Skillful Application of Foreign Law: By submitting professional legal opinions issued by senior Hong Kong lawyers and combining them with thorough arguments during the court hearings, Zhenghan Law Firm’s lawyers assisted the court in accurately ascertaining Hong Kong law. This laid a solid foundation for the judgment to support all of the bank’s claims for principal, interest, and penalty interest.
IV. Key Points of the Judgment
Following the first instance trial by the Shanghai High People’s Court and the final instance by the Supreme People’s Court, both courts ruled in favor of the bank’s claims. In judgment (2010) Min Si Zhong Zi No. 12, the Supreme People’s Court clarified the following core adjudication rules:
Affirming that Principal and Accessory Contracts May Choose Different Governing Laws
The judgment clarified that the parties to a principal contract and an accessory contract may separately and independently agree on their respective governing laws, and both agreements are legal and valid.
Confirming the Validity of External Guarantee Contracts with Supplementary Registration
The Supreme People’s Court held that the provision of external guarantees by wholly foreign-owned enterprises does not require prior approval, and their external guarantee contracts do not take approval as a condition for taking effect. Although external guarantees should be registered, given that the guarantee in this case had undergone supplementary registration procedures, the mortgage guarantee contract in question was determined to be legal and valid.

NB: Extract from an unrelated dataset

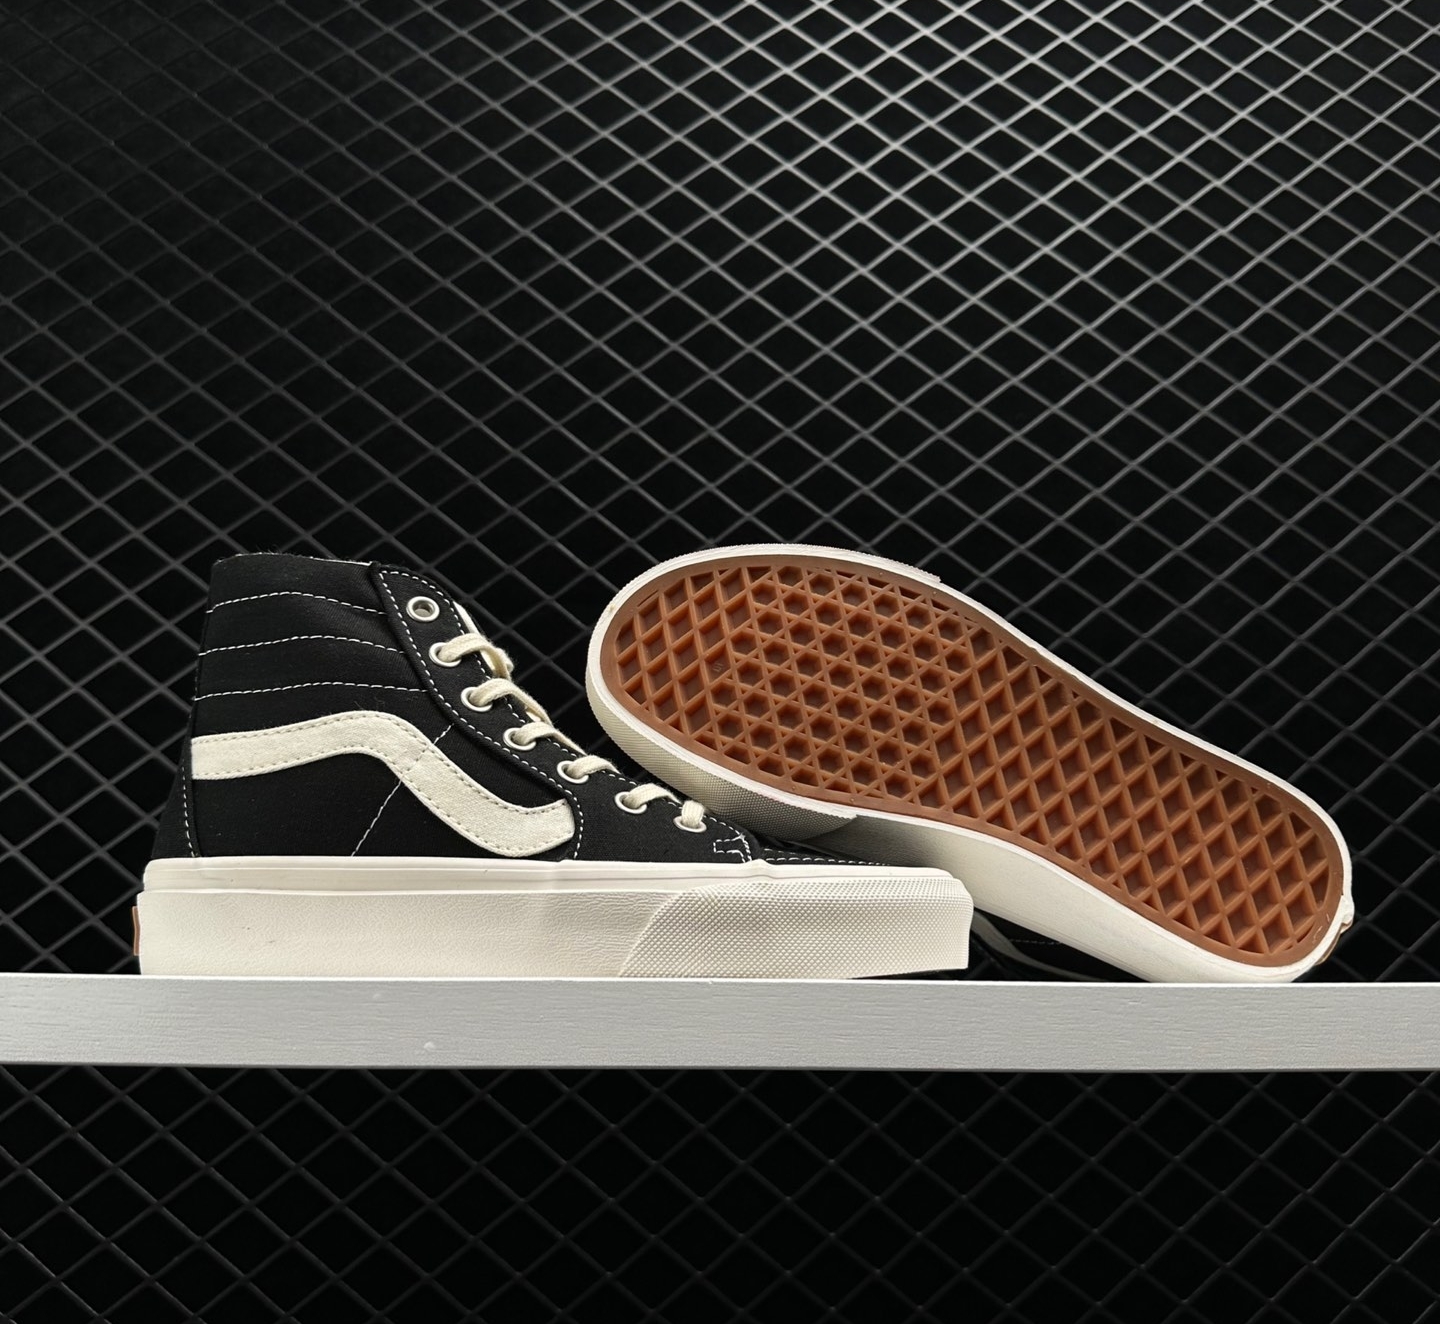 Vans Sk8-Hi Tapered VR3 Shoes Black - Ultimate Style and Comfort!

Full Support for the Creditor’s Claims
The court ordered the borrower to repay all loan principal, interest, and penalty interest to the bank, and confirmed the bank’s priority compensation rights over the mortgaged property of the domestic hotel.
V. Case Insights
This case is a landmark case in the field of foreign-related financial guarantees tried by the Supreme People’s Court. Its judgment not only provides authoritative guidance on how to determine the validity of external guarantee contracts in judicial practice and clarifies the boundaries of the impact of approval and registration of external guarantees on contract validity under foreign exchange management regulations, but also reaffirms the importance of the principle of party autonomy in international commercial transactions. The case has a profound impact on promoting the stability of cross-border investment and financing transactions and ensuring the security of financial claims.
VI. Evaluation and Awards
The judgment of this case is a Gazette Case of the Supreme People’s Court and has been included in legal practice monographs such as “Guide to Difficult Issues and Winning Strategies in Guarantee Disputes.” This case is an important precedent in the field of foreign-related commercial trials, and its adjudication reasoning has a significant impact on subsequent cross-border financing guarantee businesses such as “domestic guarantees for foreign loans.”
*Special Note: This case occurred some time ago. Current regulations on external guarantees have been adjusted by the State Administration of Foreign Exchange. Practical operations should be based on the latest legal provisions and judicial practices.